About this exercise:
Please transcribe exactly the lines from the line holding "bottomwear/trousers/JPTR2195D/jptr2195d-4.jpg" through the end of the data below, and skip any pictures.

Data:
══════════════════════════════

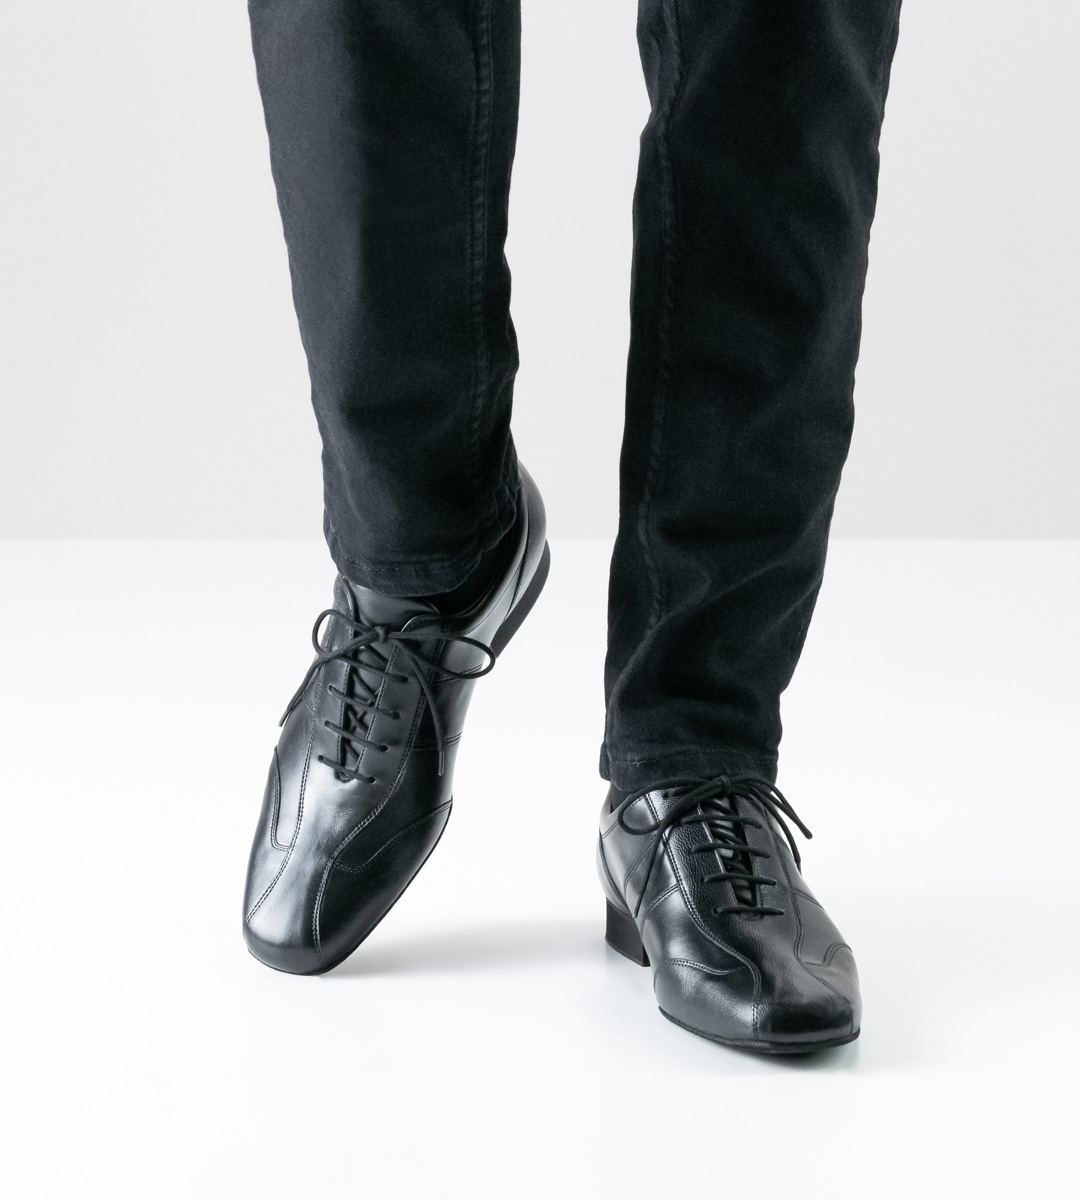 Schwarze Jeans in Kombination mit schwarzem Werner Kern Herrentanzschuh aus Nappa
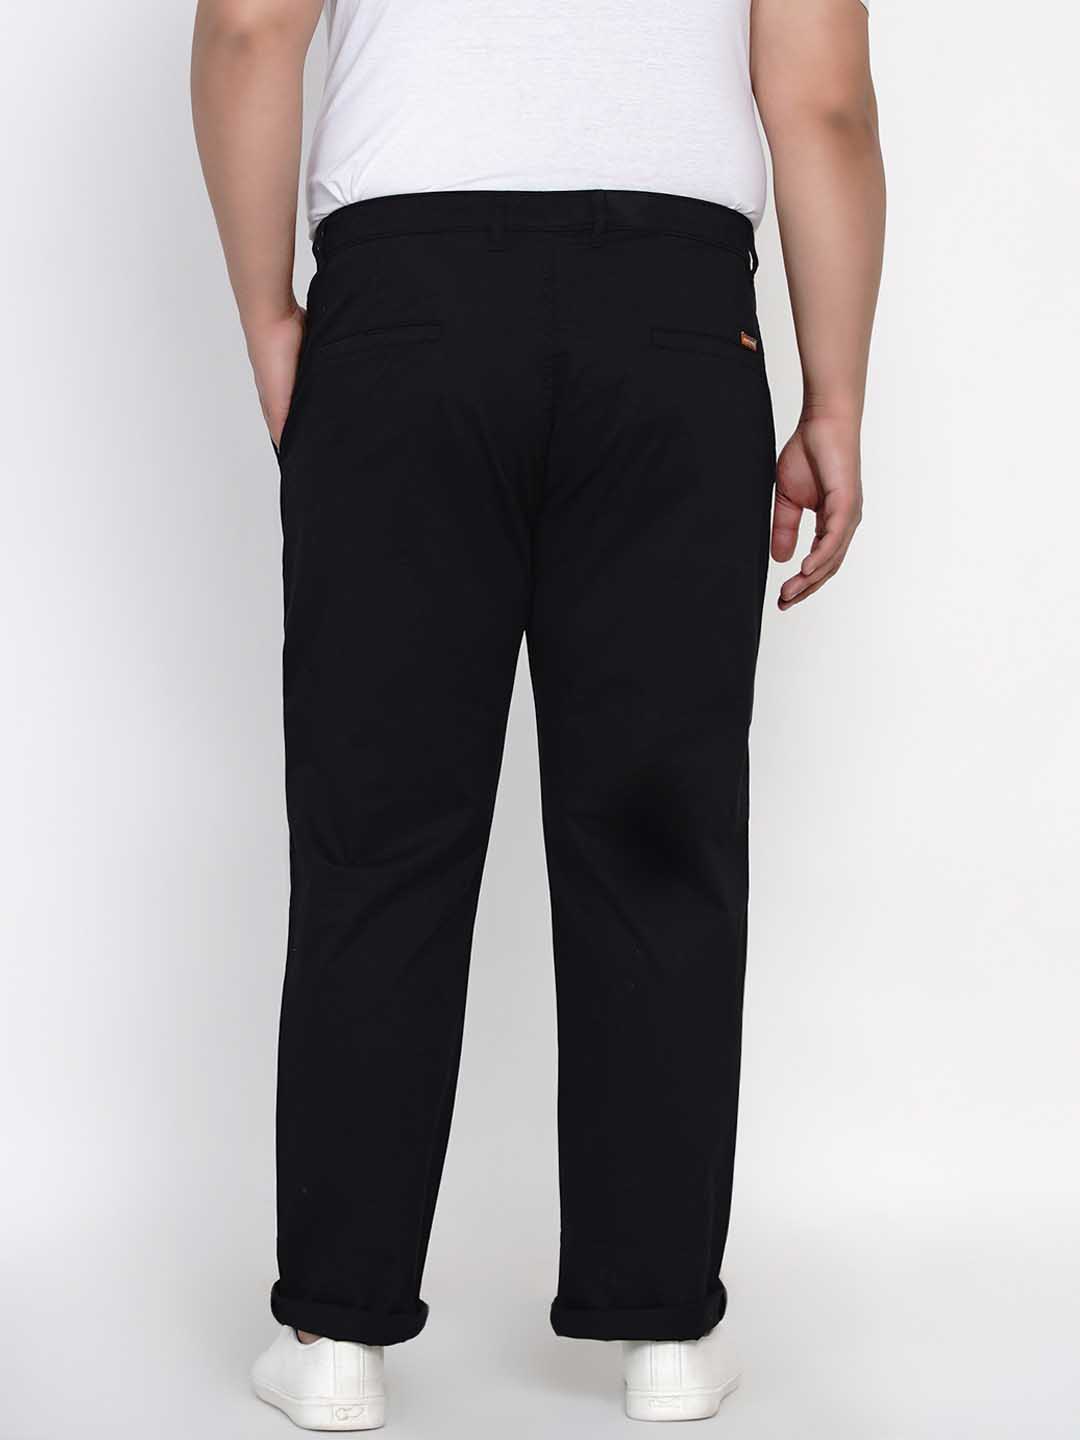 bottomwear/trousers/JPTR2195D/jptr2195d-4.jpg
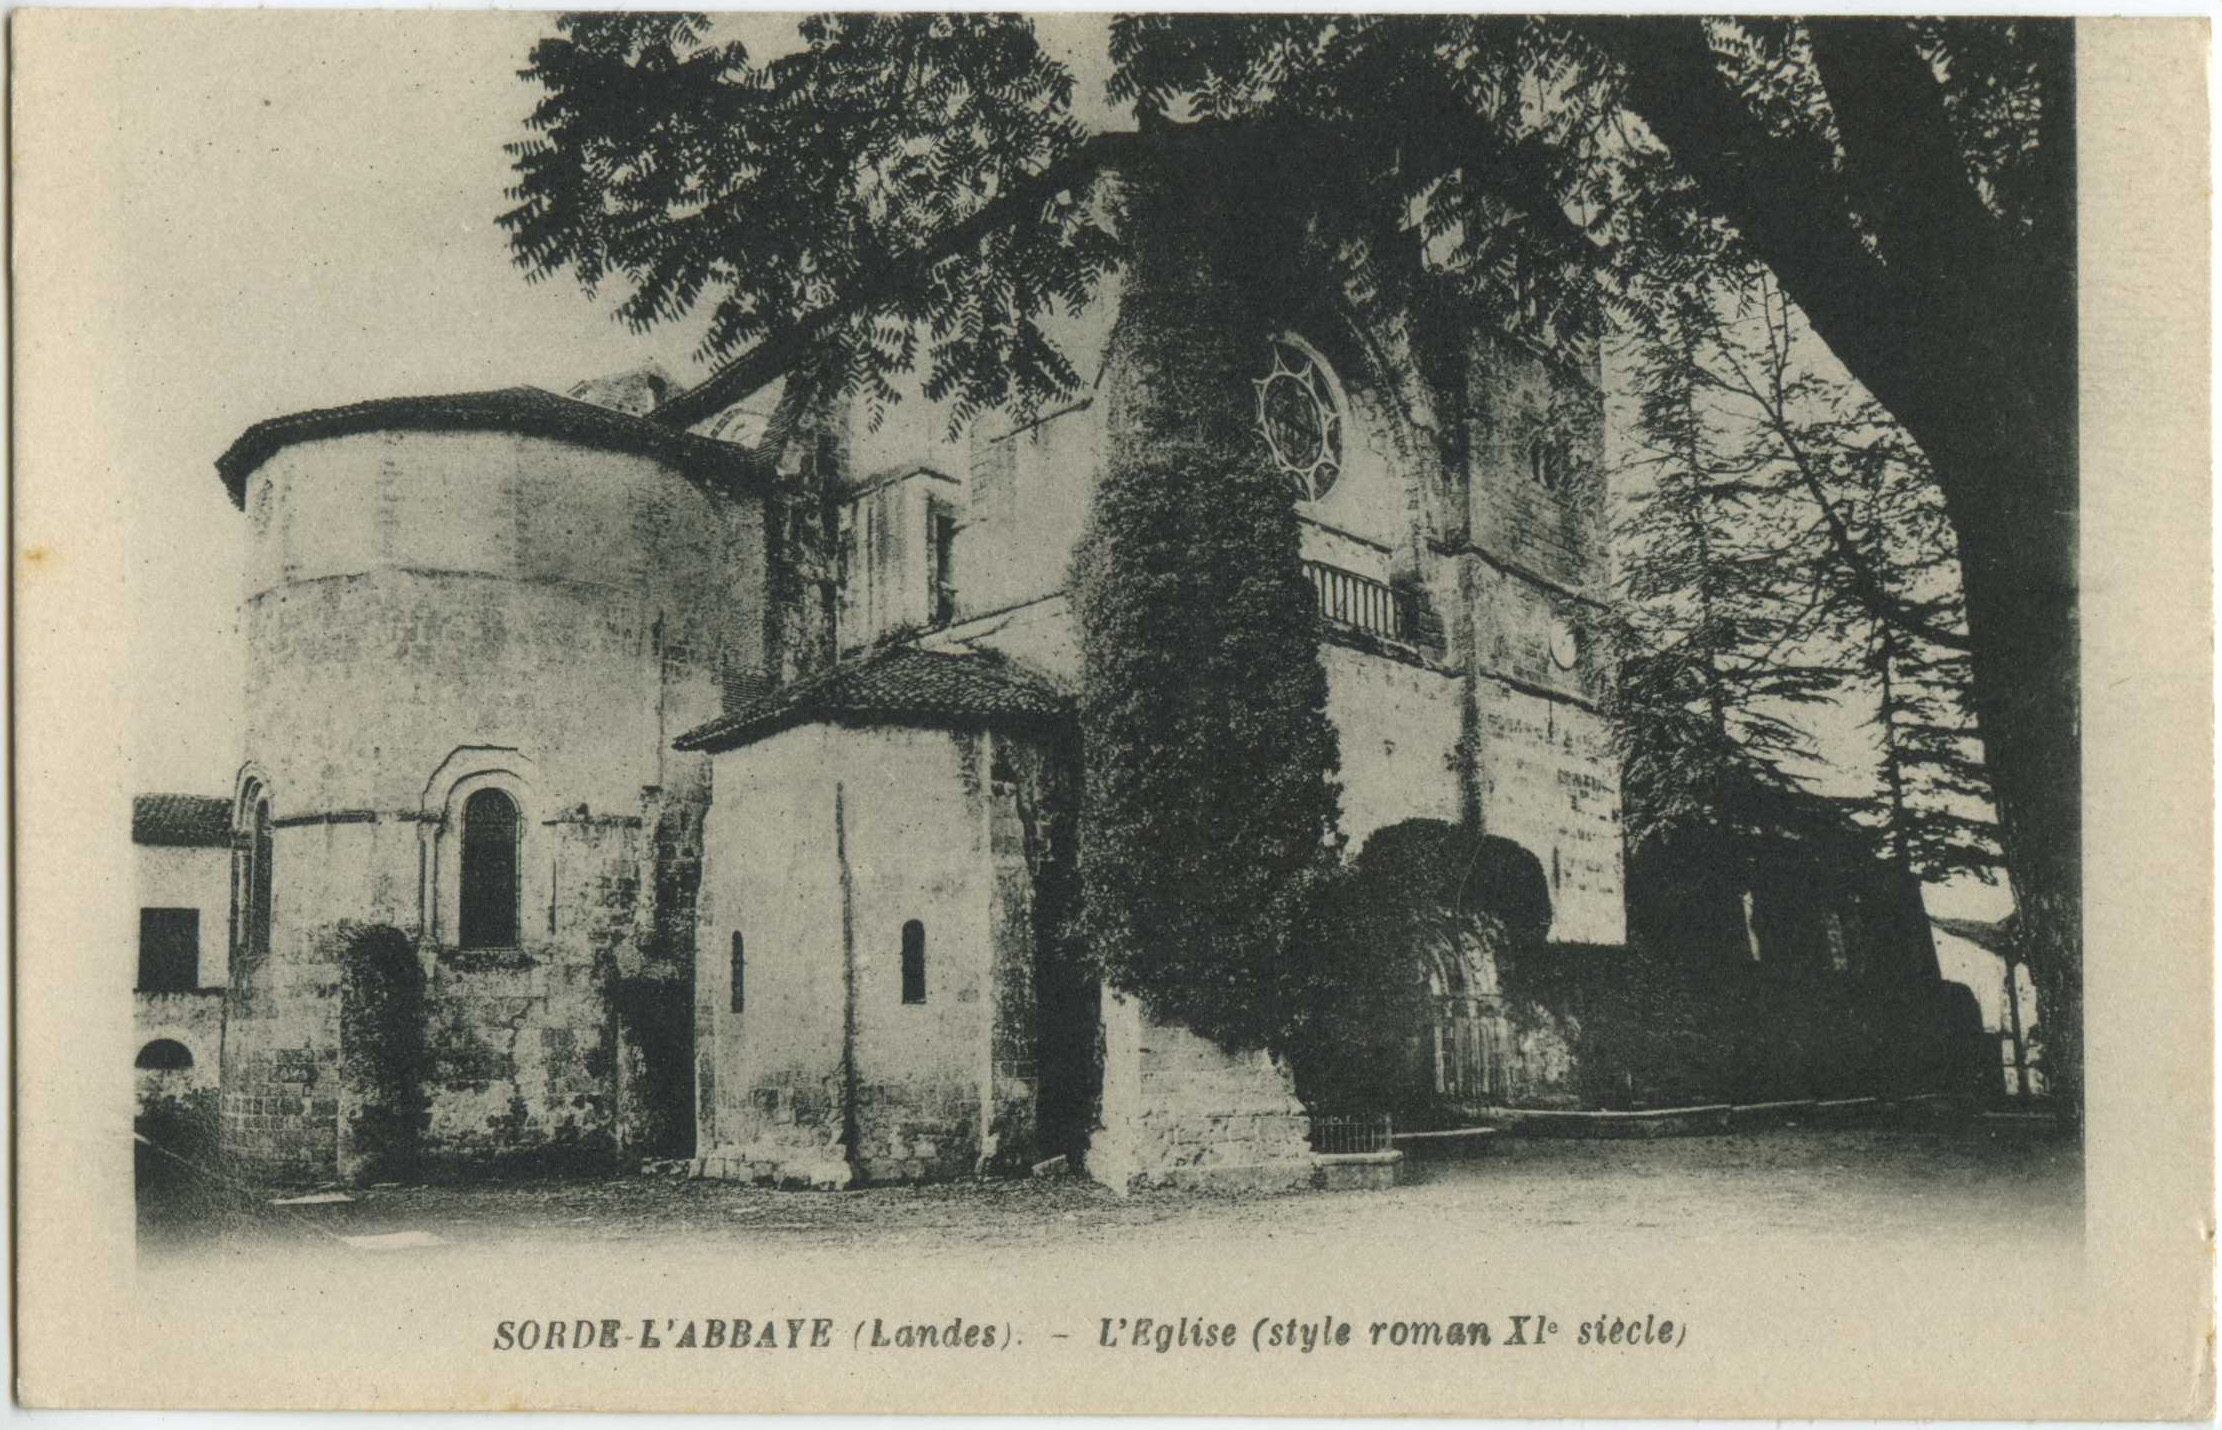 Sorde-l'Abbaye - L'Eglise (style roman XI<sup>e</sup> siècle)

══════════════════════════════

Response:
 bottomwear/trousers/JPTR2195D/jptr2195d-4.jpg
 Sorde-l'Abbaye - L'Eglise (style roman XI<sup>e</sup> siècle)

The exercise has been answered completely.